Услышав издевку, Майя ощутимо бьет меня своим кулачком по физически тренированному плечу.
– Придурок!
– Я тоже тебя люблю, мелкая.
Глава 14. От доброжелательной фанатки
1 сентября 2022.
Четверг.
В моих руках лист с нотами, я аккуратно кладу его на пюпитр. Перед глазами слова песен, я пою, скользя пальцами по черно-белым клавишам, но вдруг на середине песни профессор жестом останавливает меня, облокотившись на крышку рояля передо мной.
– Напомни, в каких жанрах ты поешь, Софи?

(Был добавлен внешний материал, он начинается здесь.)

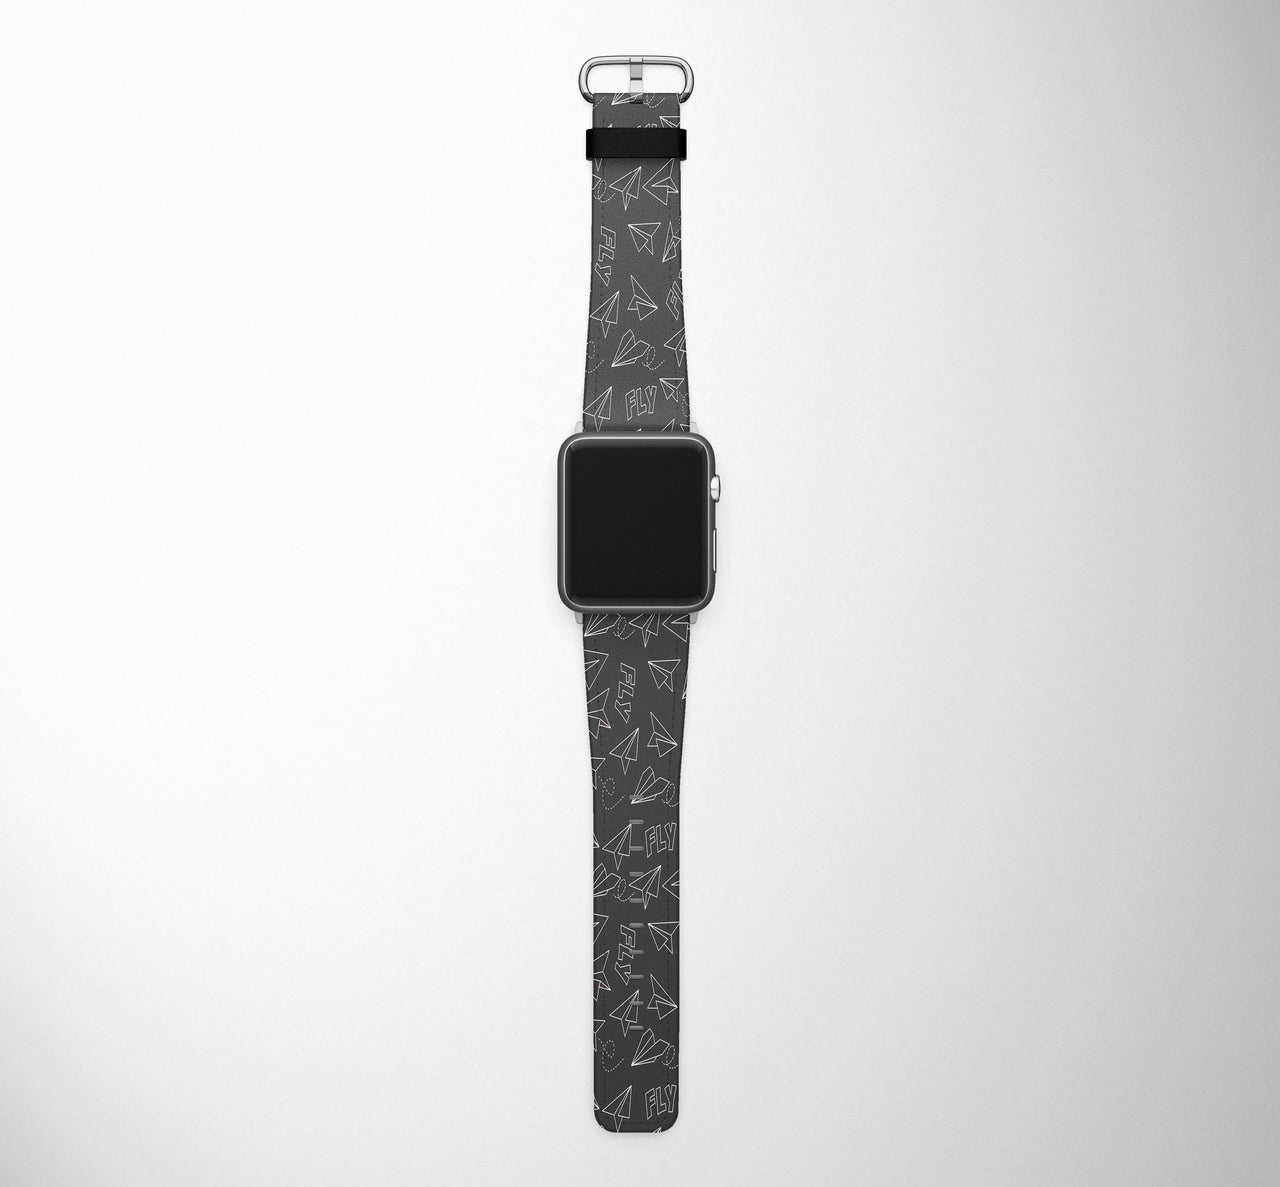 Paper Airplane & Fly (Gray) Designed Leather Apple Watch Straps

Глубокий вечер, в большом зале консерватории очень тихо, так что голос моего репетитора-преподавателя Германа усиливается многократно.
Да-да, я нашла-таки профессионального педагога. Сначала это была женщина, заведующая кафедрой сольного пения на вокальном факультете, но той не понравился мой характер, но больше – мне не понравился ЕЁ мерзкий высокомерный тон. Одного занятия с ней было достаточно, чтобы начать подыскивать другого репетитора. Потом была другая, преподаватель помладше с той же кафедры, очень тихая и скромная, но в глазах ее я видела потаенную зависть. Ей не нравилось, что я пою не просто хорошо, а лучше нее самой. И в конечном итоге я решила, что женщина на роль моего преподавателя музыки категорически не подходит: каждая из них всегда будет видеть меня соперницей на каком-то эмоциональном уровне, отвечающим за неосознанную женскую конкуренцию. С такими полноценную работу не построишь. В Мадриде было легче – мы учились группой, и неважно было, мужчина это, или женщина…
И я решилась на эксперимент, две недели назад заставила себя целенаправленно искать мужчину на эту важную роль в моей жизни. Музыке я выделяла треть своего времени, всей своей жизни. И я не хотела забрасывать учебу. Пусть я и пою красиво, старательно придерживаюсь правильного чередования дыхания и голоса, использую определенные приемы, бывает, очень сложные, – всё же иногда даже у меня что-то не получается. Какие-то резкие переходы, или же я нуждаюсь в советах: брать выше или ниже, когда работаю над собственными песнями? Не слишком ли много бэлтинга? Нет, я не кричу. Как и нужно, ухожу в полет. Иными словами у меня великолепный бэлтинг, но экспрессии во мне порой больше, чем нужно. Иногда меня необходимо вовремя остановить, иначе голосовые связки потом страдают. Чрезмерная эмоциональная мощь – вещь не очень хорошая.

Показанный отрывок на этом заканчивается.